Bonus: Bhangara dance is absolutely delicious for the mind, the body and the spirit.
General info for all dance classes
YOU DON’T HAVE TO BE A DANCER TO ATTEND. “Real” dancers probably don’t take these classes, anyway.
The first 5-10 minutes of each class are spent instructing and warming up and the last 5-10 minutes are spent stretching or cooling down. That leaves only 40-50 minutes for the challenging part.
Music is counted in 8s, and the instructor will repeat 8-count patterns. So once you get the pattern, you’ll feel like you’re catching on. Patterns are repeated on the right and the left sides, and then new moves are introduced.

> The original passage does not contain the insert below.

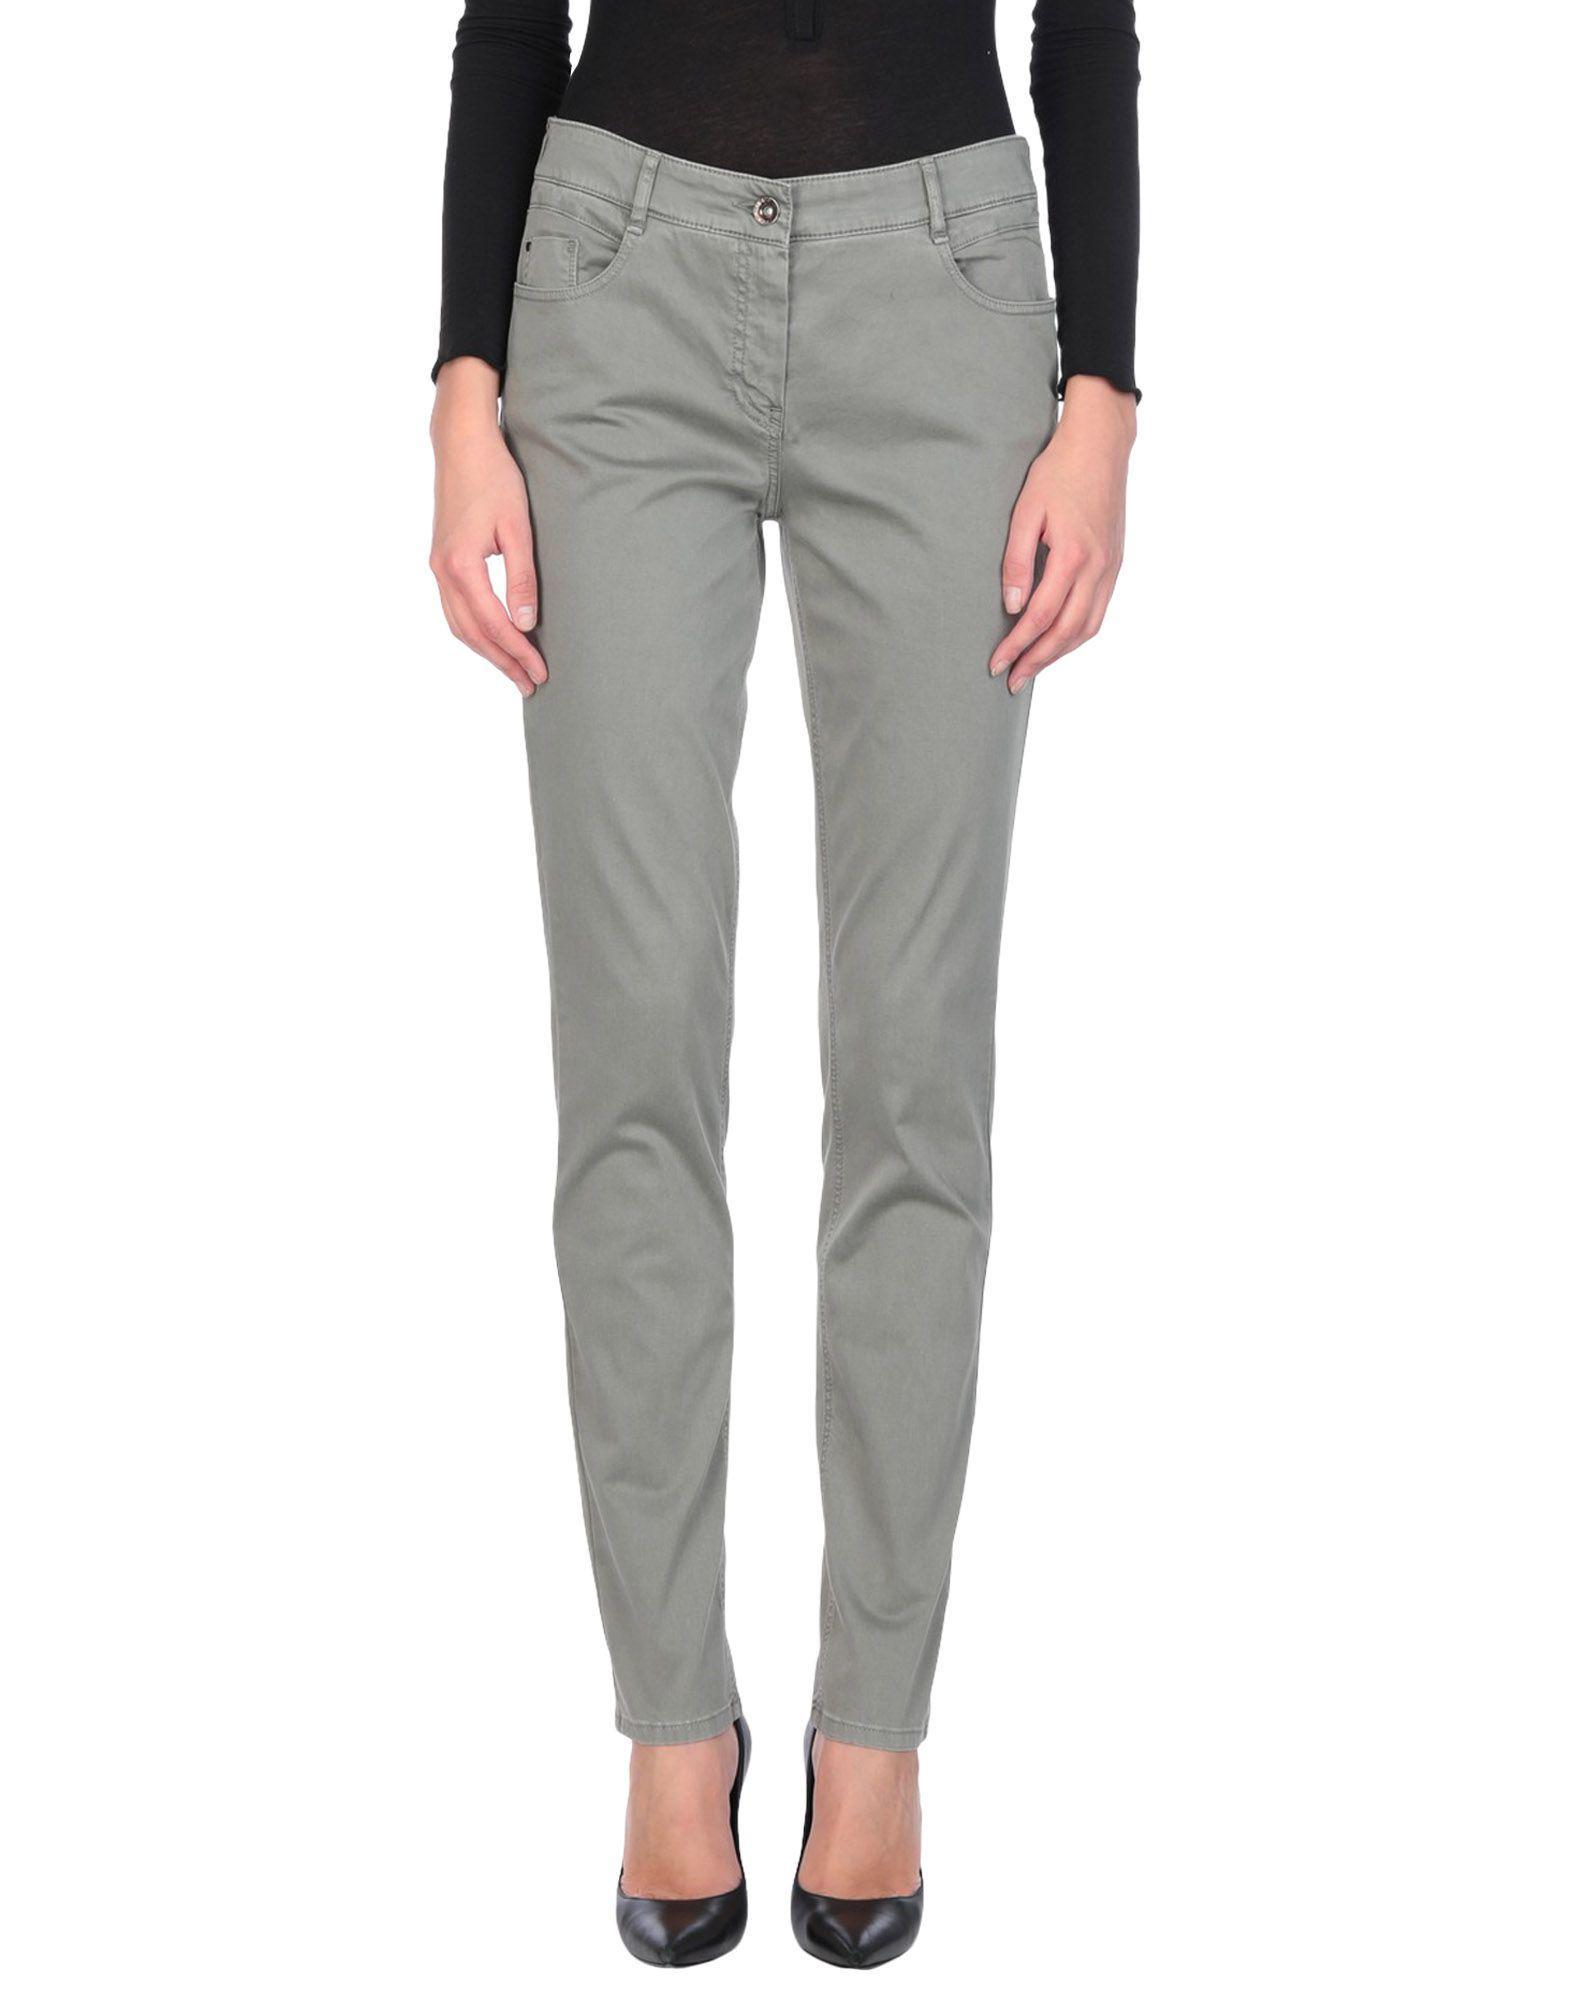 Повседневные брюки  Белый,Серый,Синий цвета

Expect to feel a little disoriented your first time, but know that it’s unlikely that anyone notices or cares how well you do. Just aim to get a little bit better each time. By the 3rd or 4th time, you’ll probably begin to feel comfortable in the class.
To find if there is a class near you, enter the class and your zip code into a search engine. For example, “turbo kick 60605” or “hip hop 80301”. Try the big chains, like 24 Hour Fitness or Bally Total Fitness, the YMCA, or a local rec center. Try independent fitness clubs as well as boutiques (yoga and dance studios). Many places will allow you to try them out for a week at no charge
Bring a water bottle and stay hydrated.
Commit to trying a class at least 3 times. Give your learning curve a chance to level off a bit before you pass judgment on the class.
If your muscles feel sore a day or two after your class, pat yourself on the back. The microscopic tears caused by using your muscles in a new way are a good thing. In repairing, your body will build even MORE muscle, which burns more calories. Win/win.
Allow the class to be fun. Don’t take it or yourself too seriously.
Find out at what’s available near you and let me know what gets you moving this year.